▶ Activity:
You are asked to reproduce the listing exactly and to omit its pictures.

▶ Collected data:
━━━━━━━━━━━━━━━━━━━━

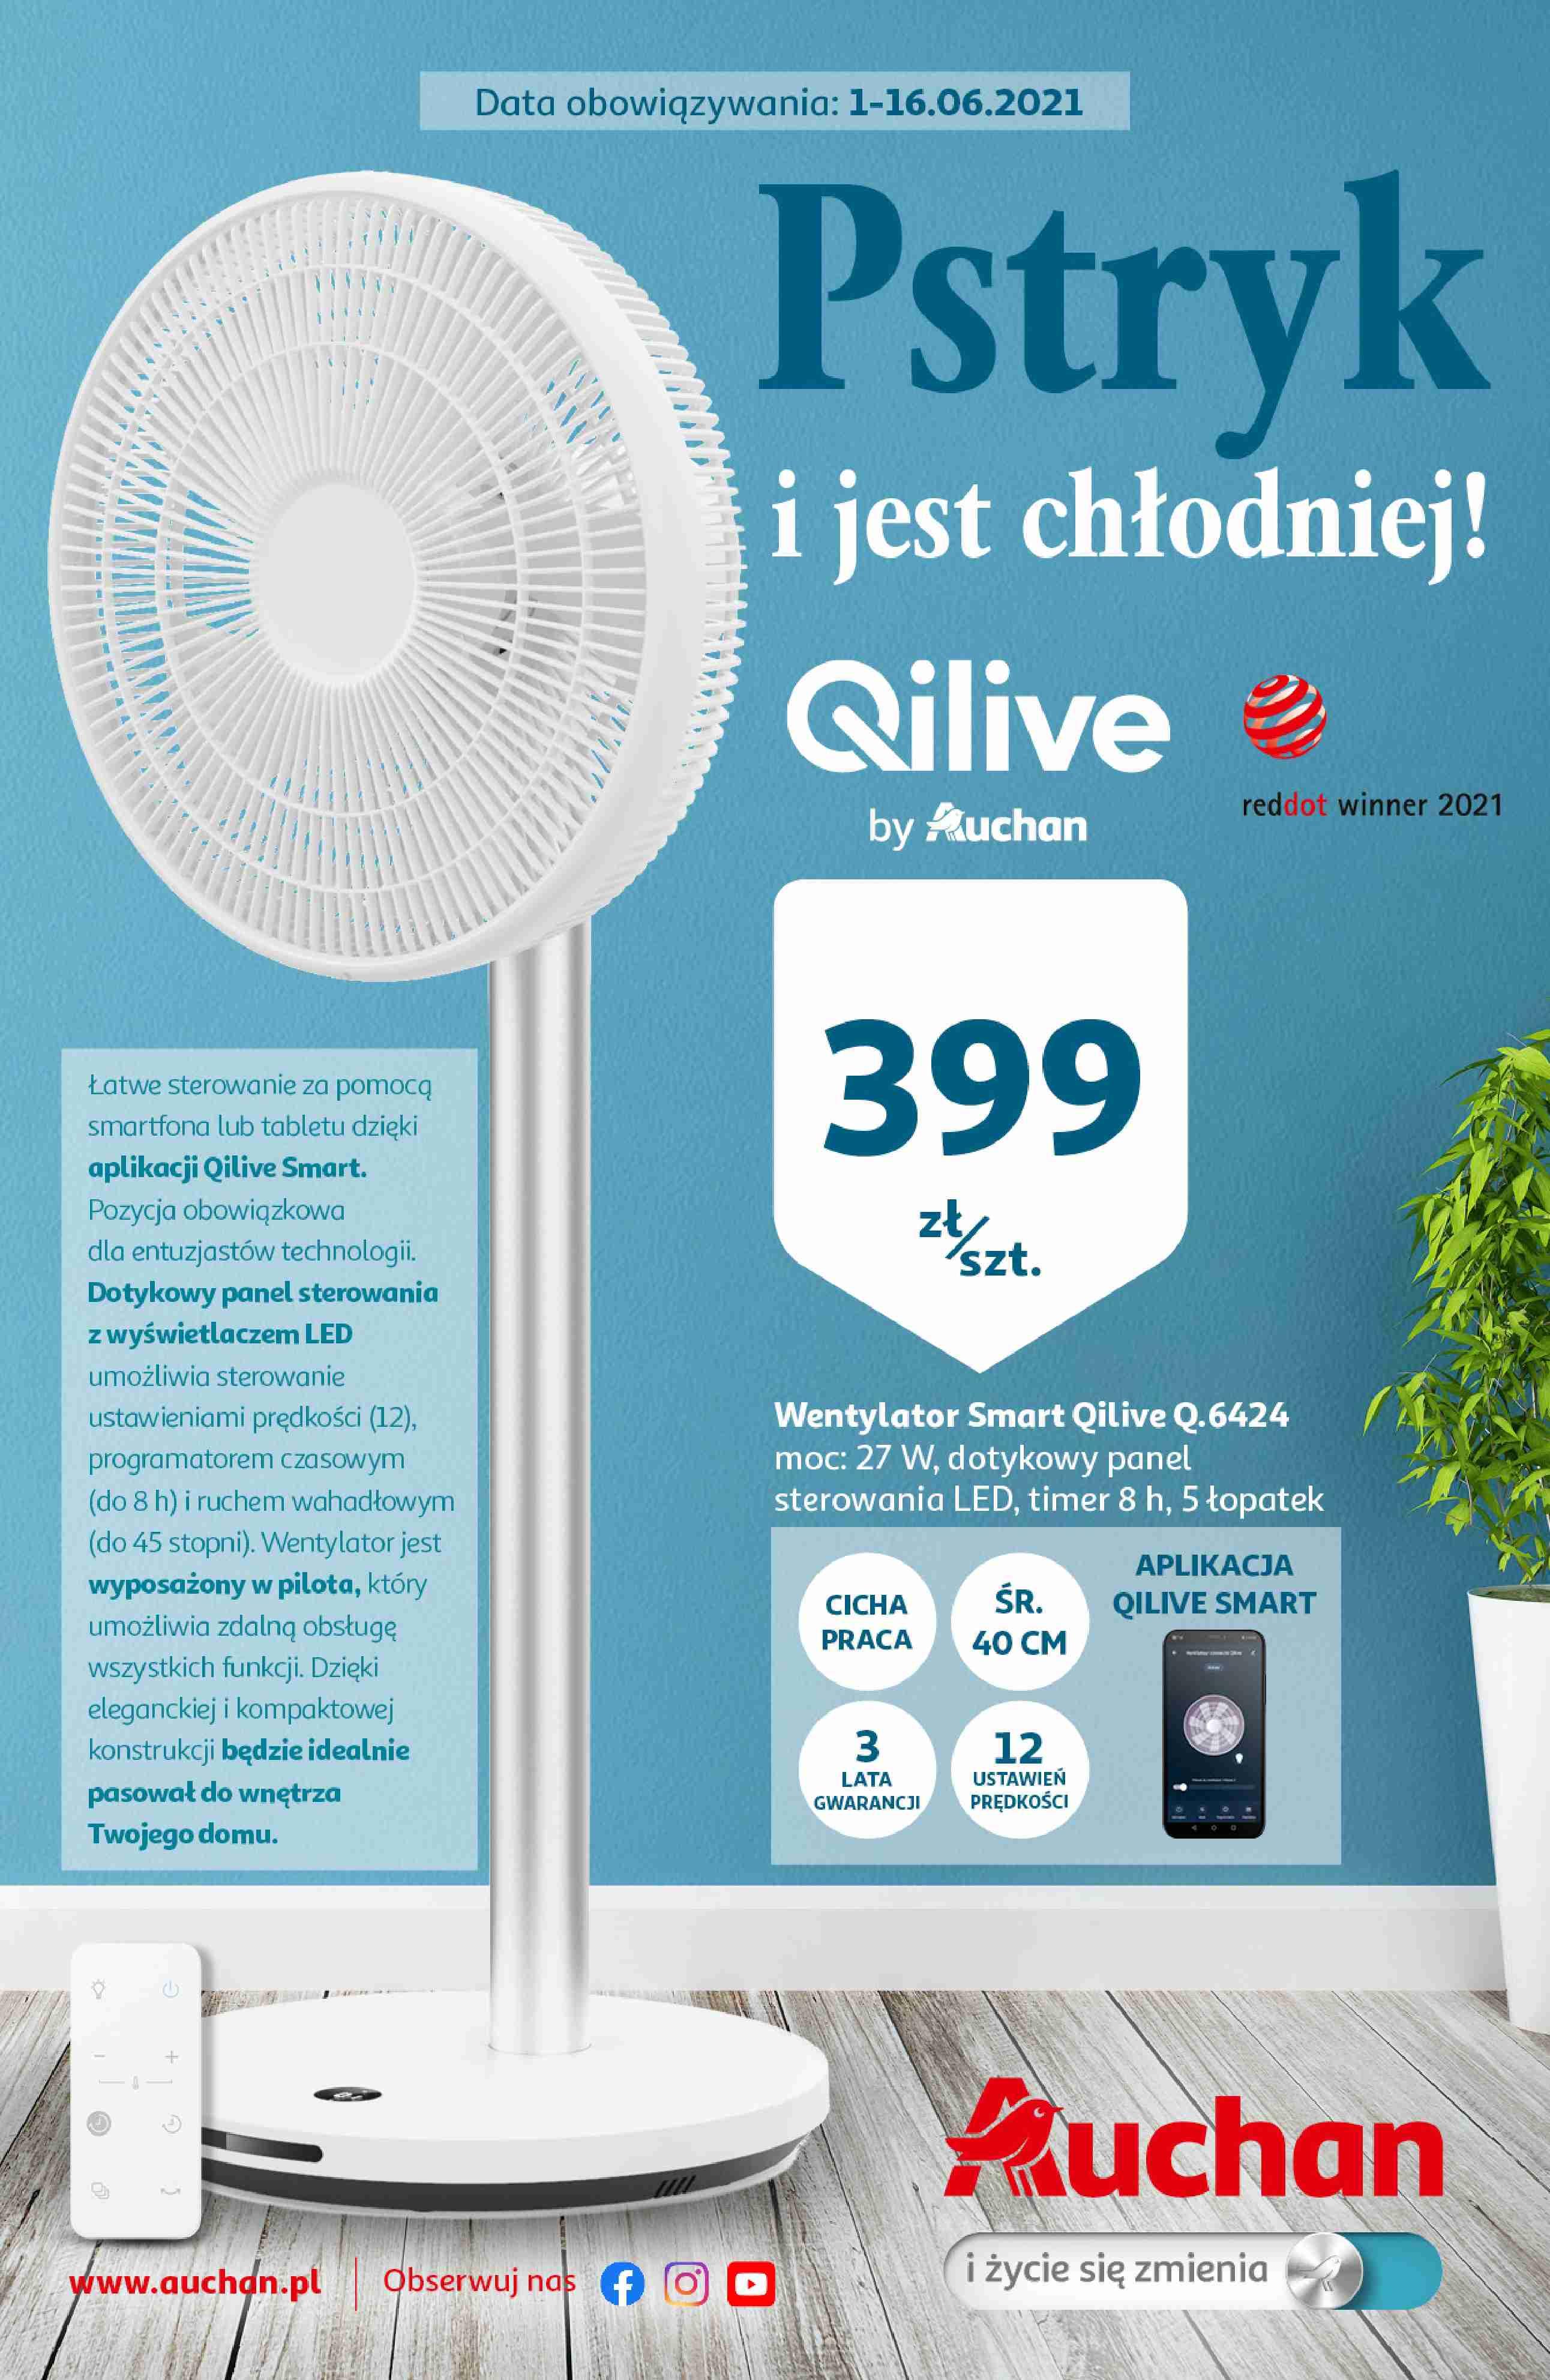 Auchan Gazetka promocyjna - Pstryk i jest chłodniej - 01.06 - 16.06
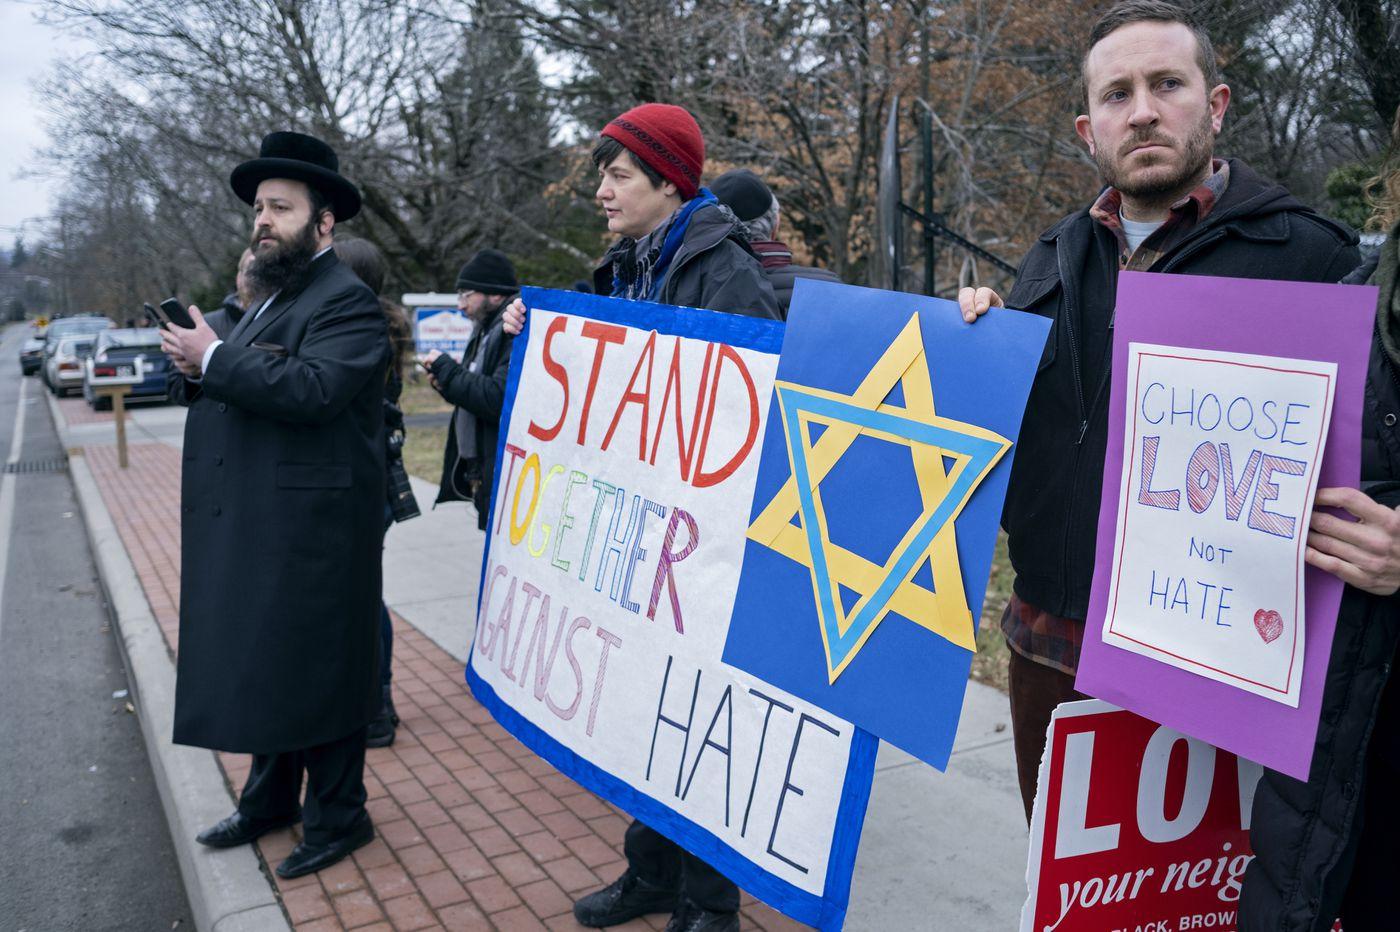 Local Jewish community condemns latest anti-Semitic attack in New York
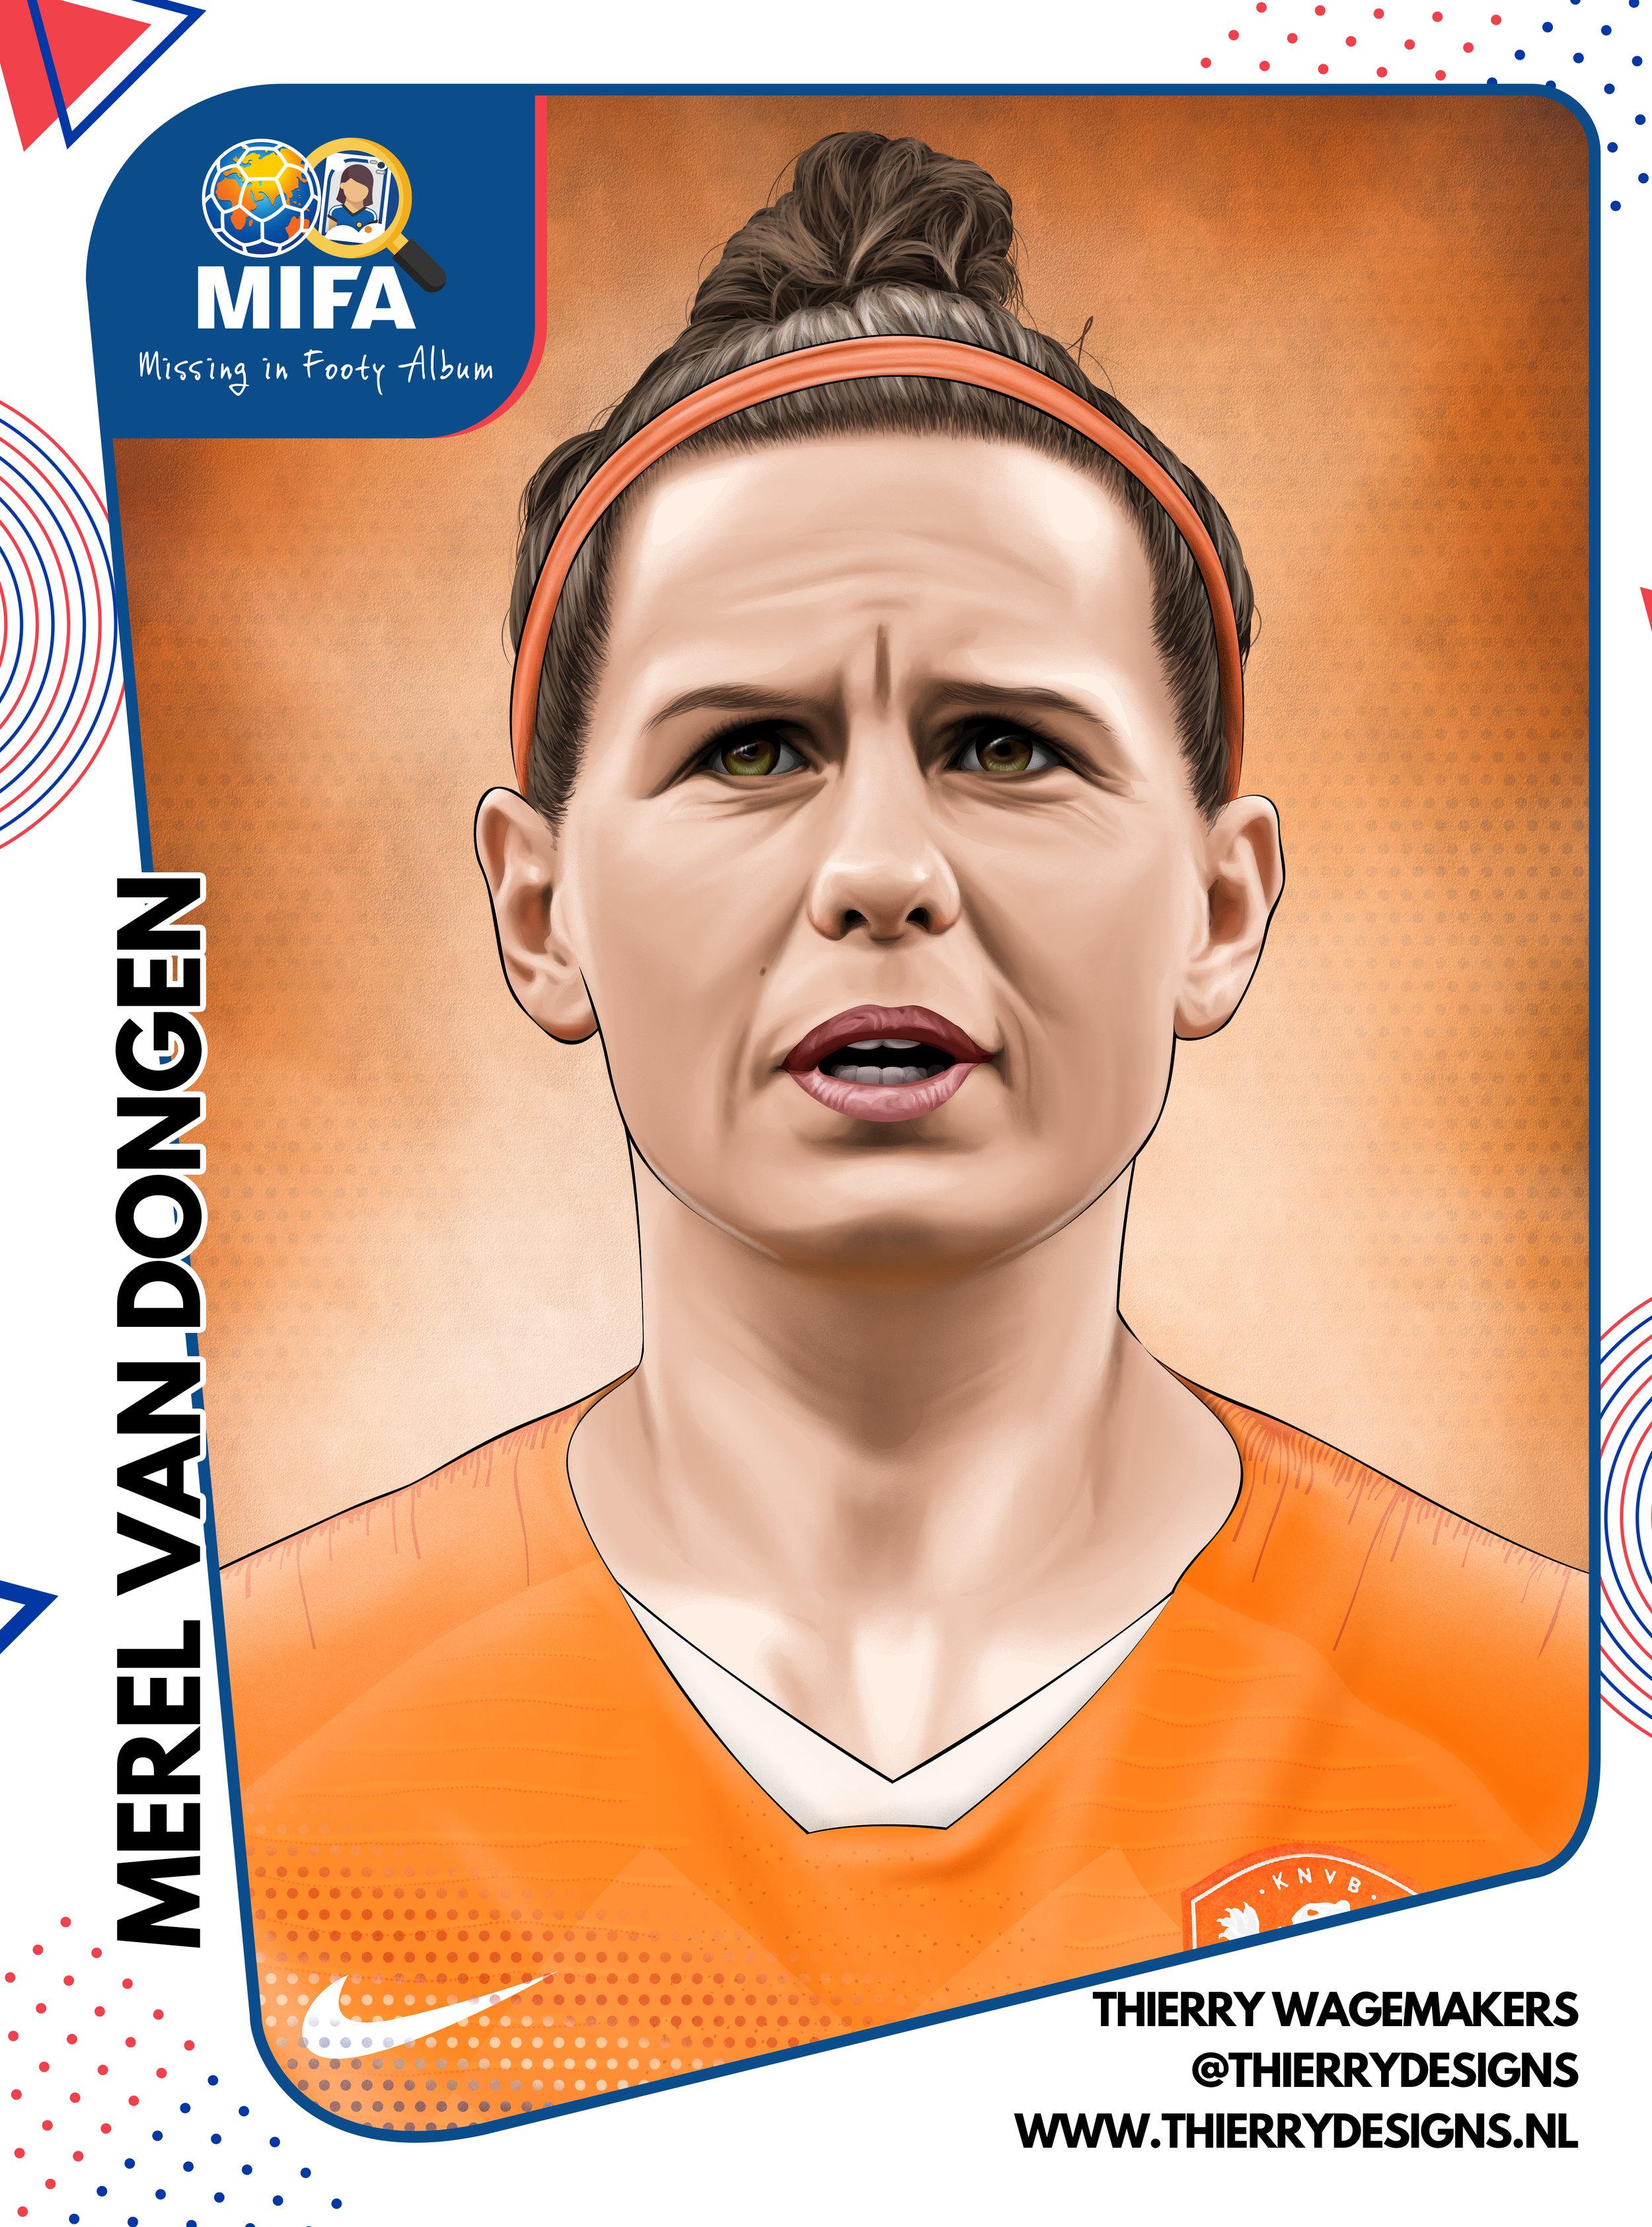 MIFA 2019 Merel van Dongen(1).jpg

━━━━━━━━━━━━━━━━━━━━

▶ Written solution:
 Auchan Gazetka promocyjna - Pstryk i jest chłodniej - 01.06 - 16.06
 Local Jewish community condemns latest anti-Semitic attack in New York
 MIFA 2019 Merel van Dongen(1).jpg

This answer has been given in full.